Among the most splendid additions to the Roman Advent were the O Antiphons or Greater Antiphons. They were in use in our western liturgy since the time of Charlemagne. They are attributed to an anonymous cantor of the 8th century.

It was only in the 8th and 9th centuries that the tradition was established of commencing the liturgical year with the first Sunday in Advent.

The Advent Wreath. Its origins go back to pre-Christian times, to the sun-worshipping tribes of northern Europe. It was one of the many symbols of light which were used at the end of November and early December, that time of year when our pagan ancestors celebrated the month of Yule by lighting torches and fires. To appease the sun-god and to ensure his return in the darkest time of the year, they took what may have been a cartwheel, wound with green and decorated with lights, and offered it to the deity.

It was in the 16th century in eastern Germany that the custom was Christianised and the Advent wreath made its appearance in people’s homes as a religious symbol of Advent. Its adoption in English speaking countries is witnessed only in recent times. The wreath itself, symbol of victory and glory, symbolises the fullness of time, the birth of Christ and the glory of his coming.

Irish people expressed their devotion to Mary during Advent by a more frequent recitation of the rosary (Coroin Mhuire, Mary’s Crown). The ideal was to attain a total of four thousand Hail Mary’s before Christmas!

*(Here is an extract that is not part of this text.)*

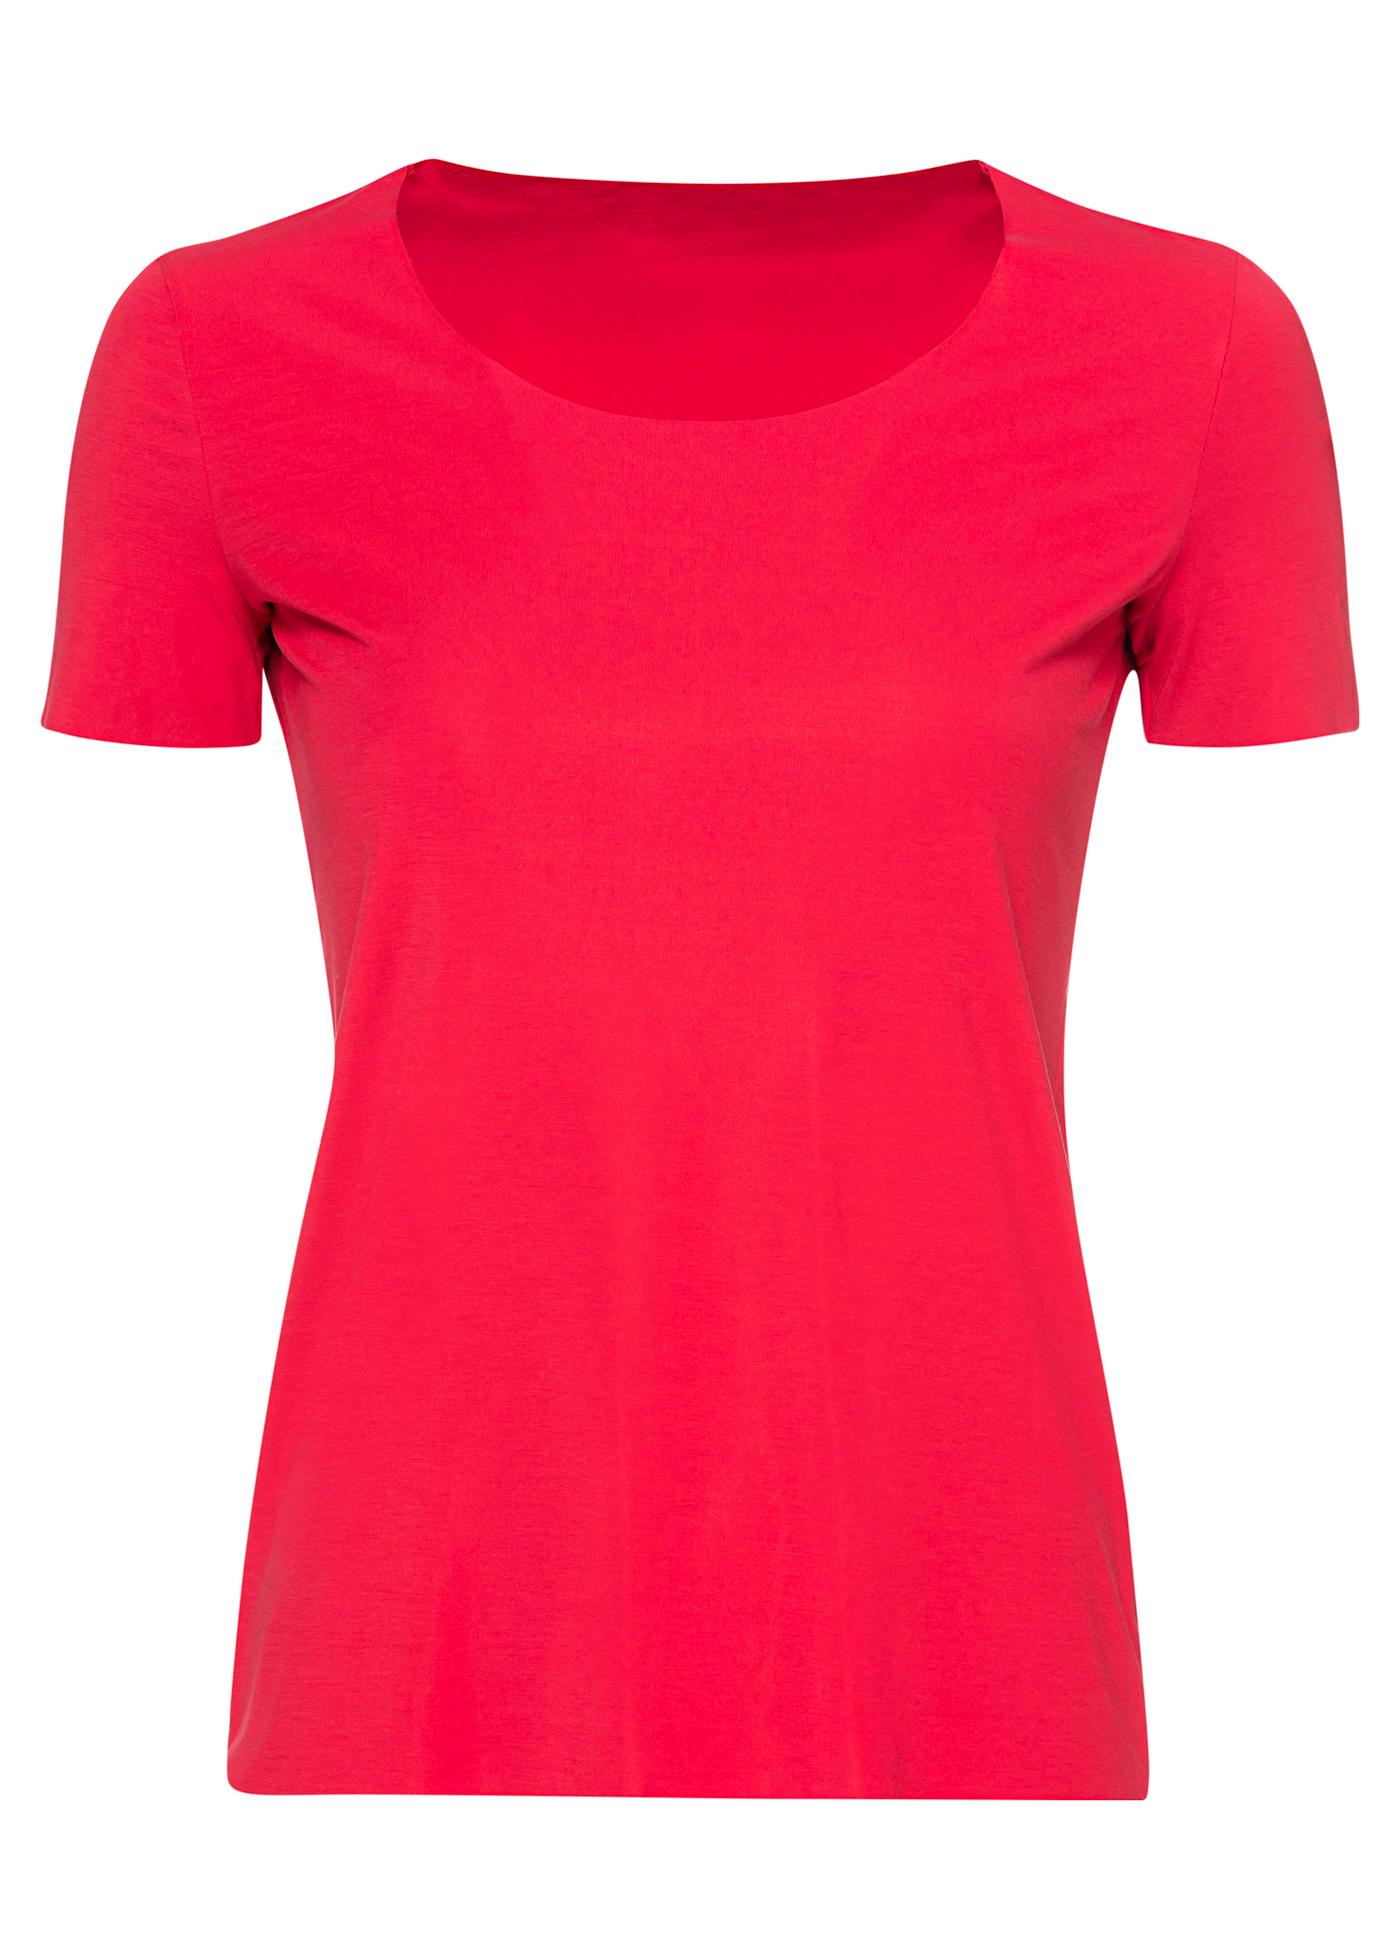 Aurora Pure Shirt image number 0

The General Norms for the Liturgical Year and Calendar declare Advent to be a ‘season of joyful and spiritual expectation’ and that it is ‘no longer to be considered a penitential season’. Some vestiges of the older observance do remain, such as the suppression of the Gloria at Sunday Mass and the wearing of purple vestments. Both these practices were transmitted from Gaul to Rome in the 12th century. The commentary explains that the Gloria is dropped ‘in order to allow it to ring out with certain freshness at Christmas’, and, likewise, the sobriety of colour will make the white vestments appear all the more brilliant on Christmas day.

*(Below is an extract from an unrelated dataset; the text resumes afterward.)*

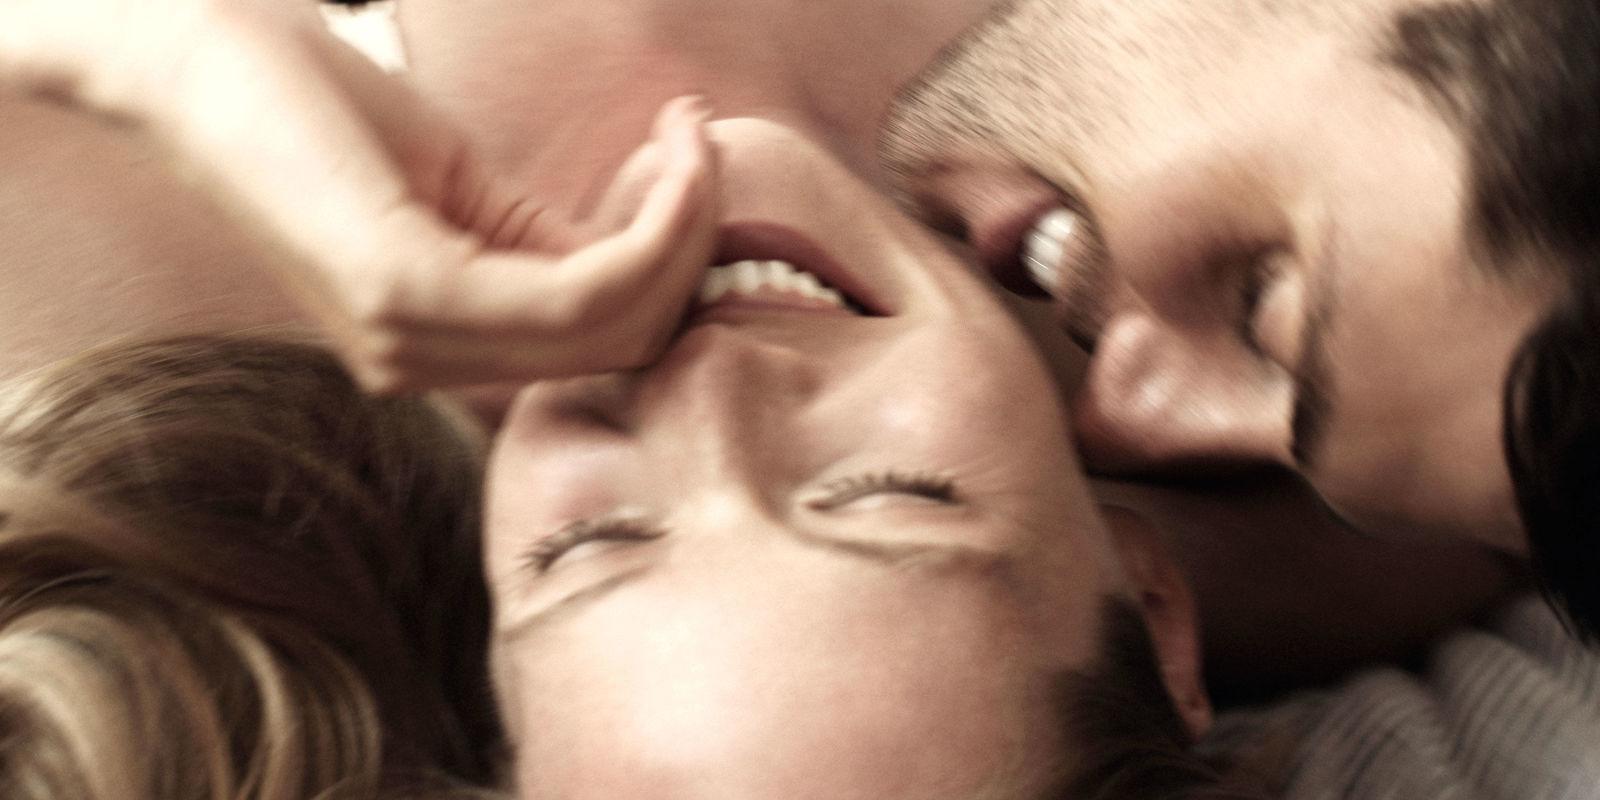 Interracial erotic images

Two parts of Advent can be clearly distinguished, each with its own significance, as the prefaces clearly illustrate. From the first Sunday of Advent until December 16th the liturgy expresses the eschatological character of Advent and urges us to look forward to the second coming of Christ. From

Origins and development of Advent (3)

Decemeber 17-24, the daily propers of the Mass prepare more directly for the celebration of Christmas.

The first two Sundays announce the coming of the Lord in judgement, the third expresses the joy of a coming already very near, the fourth and last ‘appears as a Sunday of the fathers of the Old Testament and the Blessed Virgin, in anticipation of the birth of Christ’. (Commentary on the Roman Calender, section 2).